Their supplies were meager, since their hip pouches had been packed in a hurry and hers was torn in the struggle. Besides the first-aid kit and one capsule containing a compressed coverall, there were two protein bars, a compass, and a couple of black data cubes. Carefully scanning the pool, Teresa failed to find her lost goggles or anything else of value.

“How well do you remember George’s map?” she asked when they were both a bit recovered. Alex shrugged in what was, to him, utter darkness. “Not too well,” he answered frankly. “Had I it to do over again, I’d have made a copy for you. Or we ought to have taken the time to memorize it.”

“Mmm.” Teresa understood after-the-fact regrets. Her entire career had been about avoiding rushed planning — parsing out every conceivable contingency well in advance. And yet she trained for the unexpected, too. She was always ready to improvise.

“You had no time,” she replied. “And Glenn Spivey’s no fool.”

Alex shook his head. “Back in the conference room he spun out a scenario so reasonable, it almost had me convinced.”
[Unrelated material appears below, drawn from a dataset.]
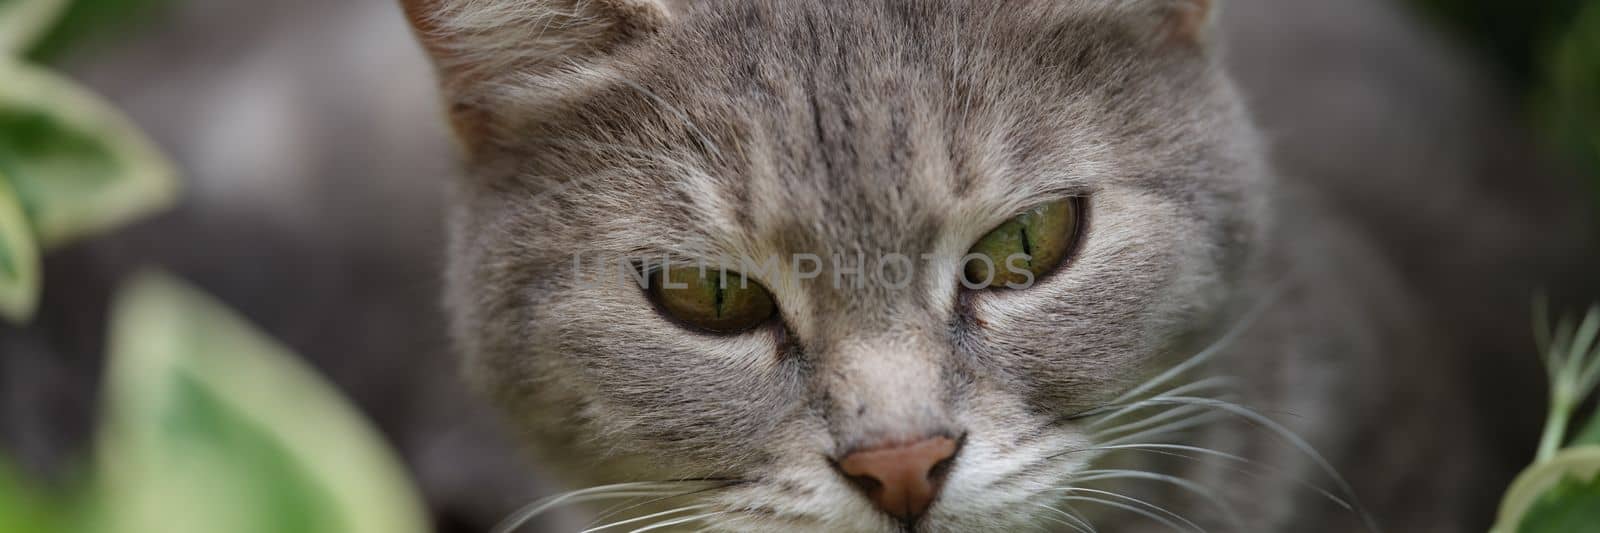 Beautiful gray cat with bright green eyes in grass. Cat walks and hunts in grass

“You seemed to be going along when I left. What changed your mind?”

He shrugged. “I didn’t so much change my mind as decide I didn’t want it made for me. We’d all worked so hard. It was starting to look as if we might be able to deal with Beta ourselves. Though how to expel it safely at the very end — that I still hadn’t figured out, yet.”

Teresa recalled her dream about the fireball, erupting into the sky from a boiling ocean… rising, but certain to return.

“So maybe Spivey’s plan’s a good one… keeping it inside the Earth, but up so high it’ll lose mass slowly?”

“Maybe… if it loses mass fast enough while in the mantle to make up for its gains lower down, if there aren’t instabilities we never calculated, if constant pumping on the gazer doesn’t crumble too many farms or cities or change the Earth’s innards somehow—”

“Could it do that?”

His face took on a perplexed look. “I don’t know. Last time I looked over my big model on Rapa Nui…” He shook his head. “Anyway, that’s where we’ve got to go now. From there we can answer Spivey’s proposition with one of our own.”